Anchored in the same fundamental assertions of pride, unity, and civic virtue, the visual rebuttal reflects immigrants' attempts to establish cultural citizenship. Sparked by a sense of exclusion and fear of being scapegoated by anti-immigration forces, pro-immigration rallies are expressive spaces that enable protestors to showcase their cultural citizenship. Such participatory actions are important at a time when many feel left out of the democratic process. Immigrants and their supporters seek not to subvert the system by opposing it but, rather, to practice the democratic principles of expression that are celebrated and protected in the United States. This view of cultural citizenship both opposes anti-immigration advocates' strictly legal definition of citizenship and complements other U.S. American definitions, such as the melting pot and salad bowl metaphors. For many pro-immigrant advocates, the claim to cultural citizenship refutes opposing claims about their legal status while buttressing historical arguments that the United States is a nation of immigrants. Audiences on both sides of the immigration debate apparently have difficulty accepting that simultaneous allegiance to U.S. American and other national or cultural identities is possible.


Several factors distinguish recent protests from earlier demonstrations in which foreign flags have played a major role. First, as Scanlon (2005) explains, in the post-September 11th world an ever-present U.S. flag symbolizes a kind of patriotism that demands "conformity of values rather than vigorous discussion of ideas" (p. 181). In such circumstances, the mere presence of a foreign flag can be read as antithetical to the visual ideograph of the U.S. American flag and to the verbal ideograph of patriotism. Second, the recent waves of protests and rallies have been tremendous in size and scope, with many participants carrying flags of all kinds. Finally, media coverage has heightened the public's sensitivity to the protests. Several observers of the first wave of rallies commented on the importance of visual space and the impact of flags on that space (Badie, 2006; Kim, 2006; Kim & Brennan, 2006; Skelton, 2006; Talev, 2006). The Omaha World-Herald, for example, observed that flags engender "starkly different perspectives" and asserted: "No matter what stance one takes on immigration issues, the remarkable power of a flag to amplify passions, positively or negatively, cannot be denied" ("The power of symbols," 2006, p. 6B). Opponents of immigration, immigration control and border enforcement advocates, immigrant rights advocates, and recent immigrants who may or may not be legal citizens have adopted these starkly different perspectives. We focus on immigrant rights supporters who participated in the 2006 protests and advocates who opposed both immigration and foreign flag waving.

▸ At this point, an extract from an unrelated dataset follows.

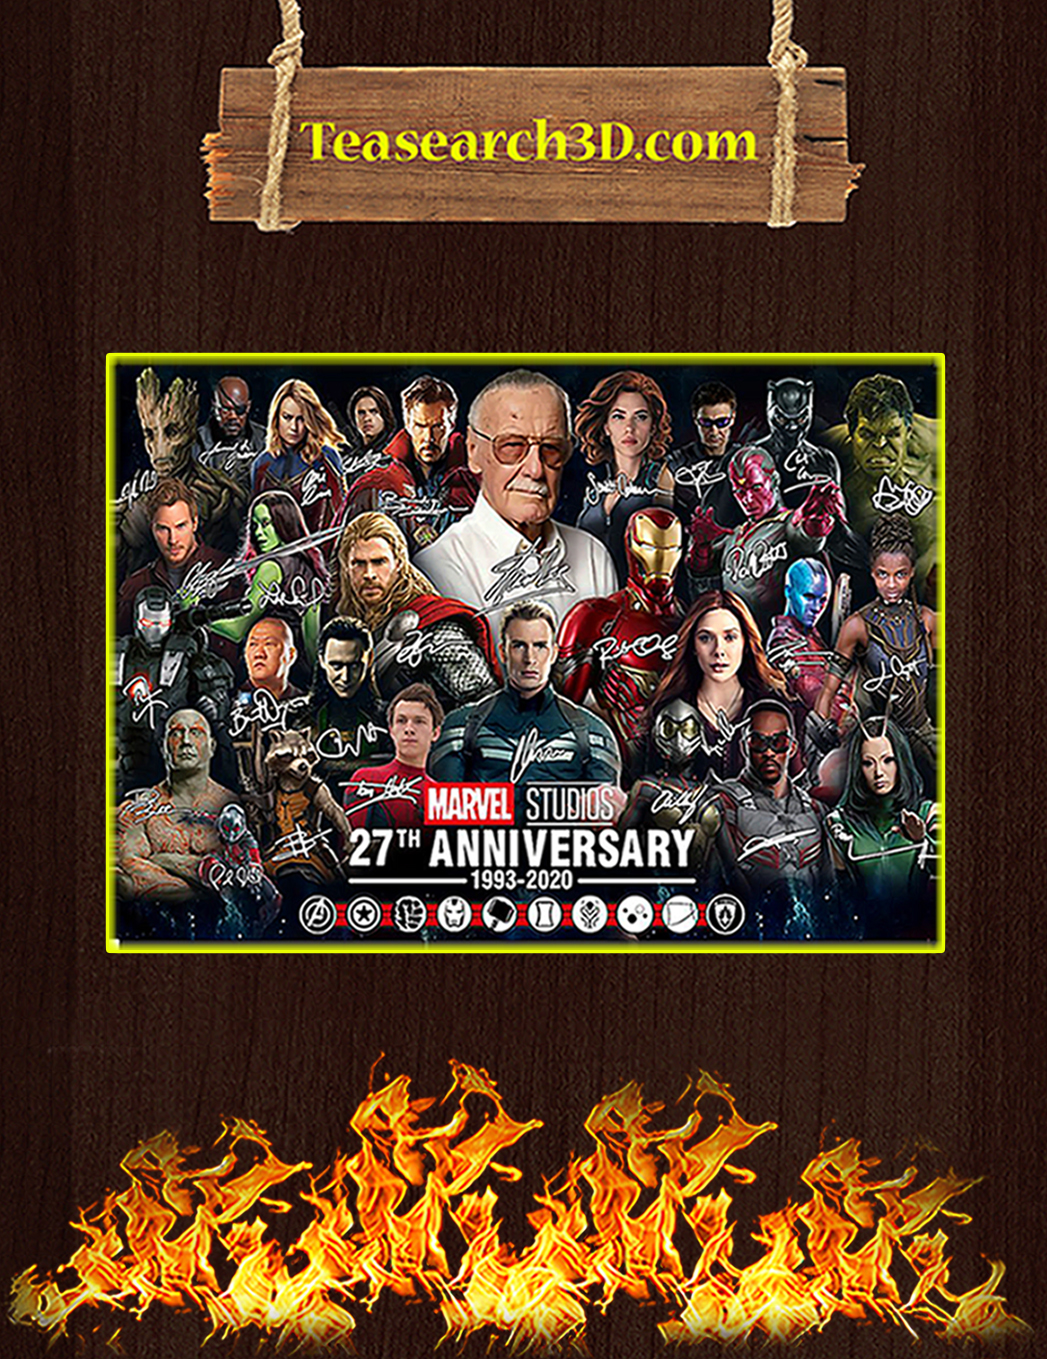 Marvel studios 27th anniversary signature poster A1

Immigrant Rights: Flag Waving as Cultural Pride, Unity, and Participation

For immigrants and their supporters, waving foreign flags represented a strategic, argumentative choice to advocate cultural pride, unity, and civic virtue. The most contested visual image at protests and rallies was the Mexican flag but also prevalent were the flags of many other nations, including the United States, Cuba, Honduras, Guatemala, E1 Salvador, Korea, and the Philippines (Chavez, 2006; Eagan 2006; Gonzales, 2006; Kim, 2006; Kim & Brennan, 2006; "The politics of protest," 2006; Vigil, 2006). This is significant because the complexity and diversity of immigrants' national origins have been misunderstood: Anti-immigration advocates have fixated on the visual cue of Mexican flags, simplistically reducing all immigrants and immigration issues to Mexican ones.

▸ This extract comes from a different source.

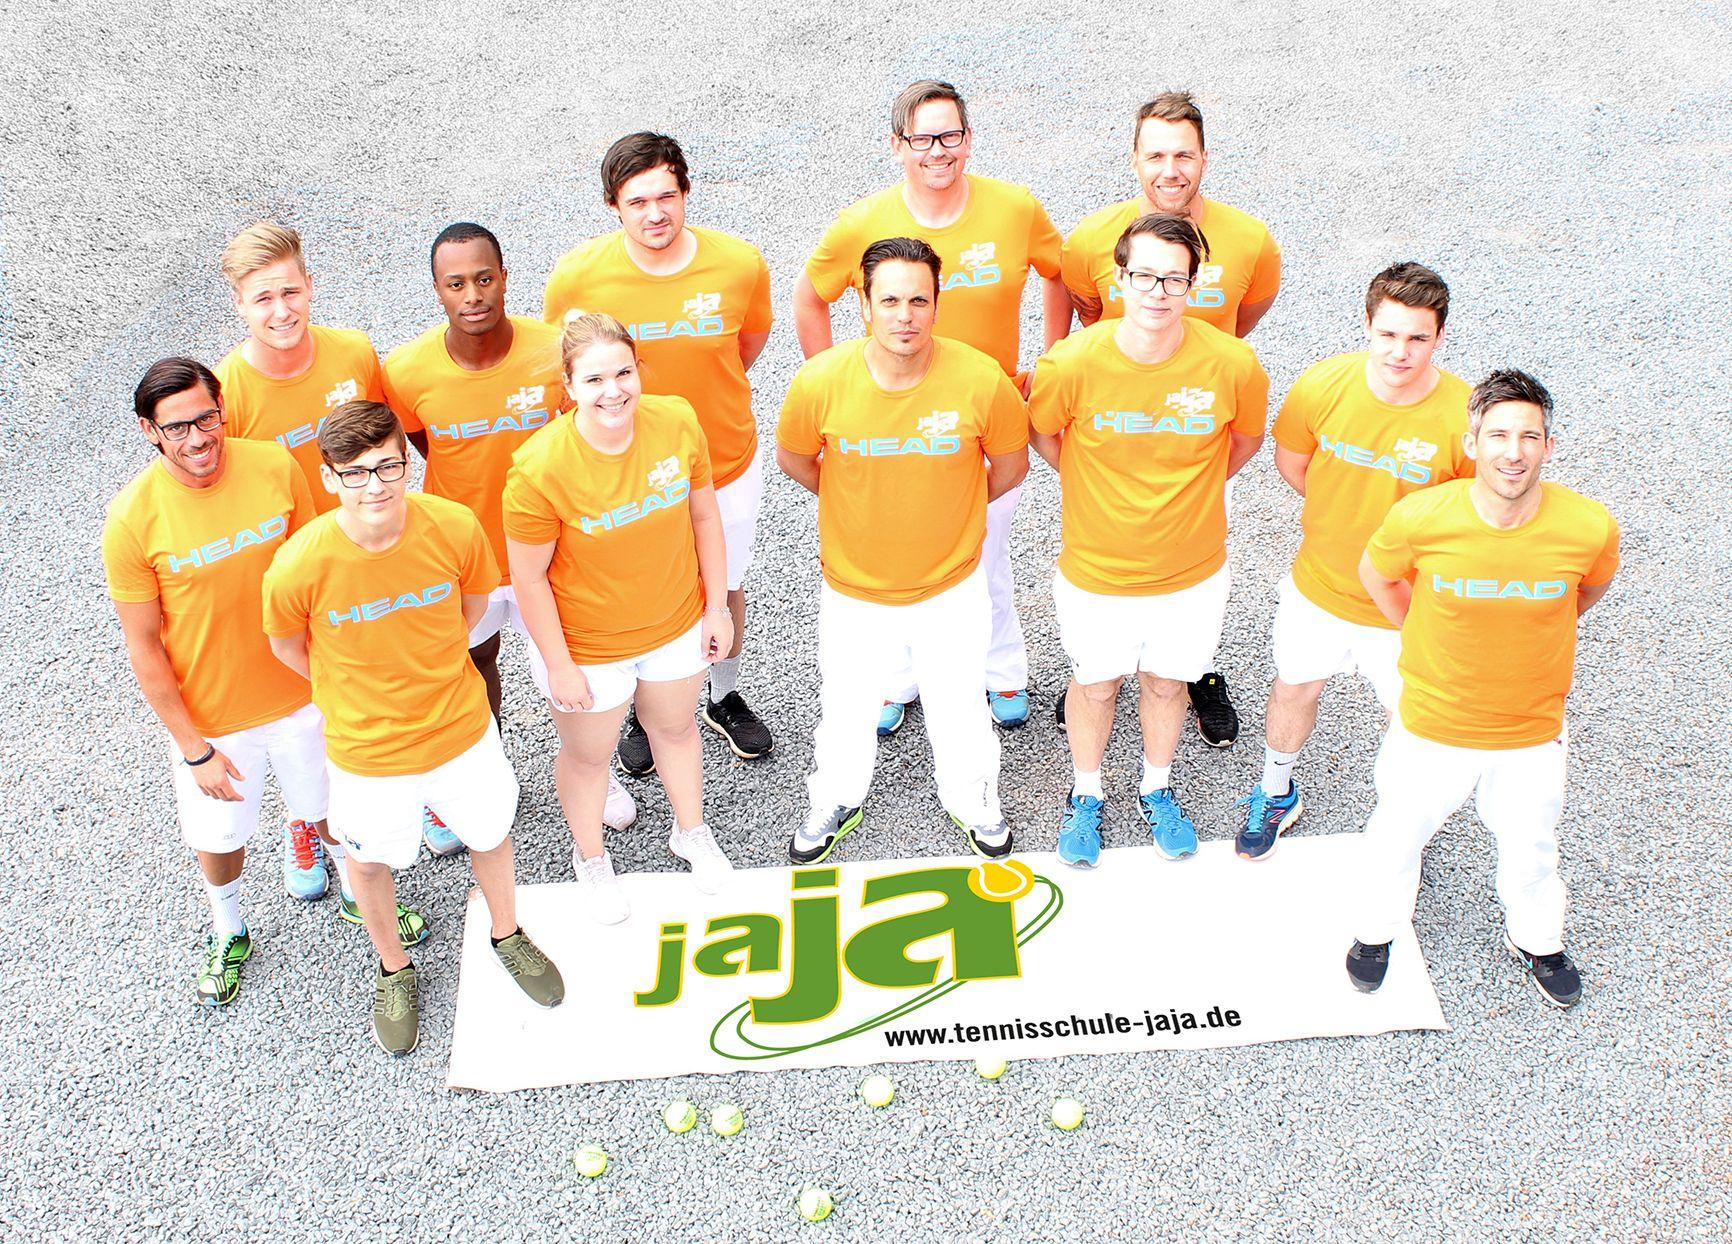 Das jaja-Team

Immigrants and their supporters have rallied around foreign flags as an expression of pride in their distinctive heritages. Such use of flags certainly is not new (Soto, 2006). Flags often serve as "markers of ethnic identity" in national celebrations such as St. Patrick's Day, Cinco de Mayo, and Columbus Day; yet rarely are Irish, Mexican, or Italian flags criticized in these contexts (Korber, Rosenhall, & Chavez, 2006, p. A1). Page (2006) argues that the immigrants' message patriotically celebrates both their national heritage and pride in the United States; backlash against the flags confirms that "Americans are so simultaneously proud, yet oddly unsettled by their own diversity" (p. 11A).

Waving a foreign flag is a strong sign of pride in national diversity. The Mexican flag is an especially interesting case because even non-Mexicans often unite under it. Such unification reflects a unique kind of solidarity: "the choice to connect transnationally reflects in part being an outsider; it dilutes the unsettling experience of migration" (King, 2005, p. 146). Communicating civic participation through flag waving and protest falls within the protected expressive space established by the First Amendment. Flag waving essentially argues that true participation in the civic landscape of the United States requires expressions of pride and unity. In this sense, flag waving expresses the felt tension between immigrants' cultural heritages and their feelings about residing in the United States or becoming U.S. citizens. To say, as anti-immigration advocates do, that one is either American or not is to demand that one's cultural heritage be abandoned in order to assimilate into U.S. American mainstream culture. To give up one's cultural heritage, however, is impossible. The desire to wave foreign flags and participate in protests reflects this tension in the meaning of cultural citizenship.

Anti-Immigration Response: Flag Waving as Failure to Assimilate and Cultural Deviance

Anti-immigration advocates argue that the U.S. government must prevent undocumented persons from living and working in the U.S. To these groups, the visual ideograph of foreign flags means three basic things: immigrants' failure to assimilate, the deviance of non-American or noncitizen status, and the failure adequately to control immigration. These meanings explain the backlash against Mexican and other foreign flags. Clearly, flags as visual ideographs have become part of a larger discourse on immigration and belonging. For example, Huntington (2004) contends: "By 2000, America was in many respects, less a nation than it had been for a century. The Stars and Stripes were at half-mast and other flags flew higher on the flagpole of American identities" (p. 5). Huntington sees a fractured national landscape and fears continued immigration from Mexico in particular.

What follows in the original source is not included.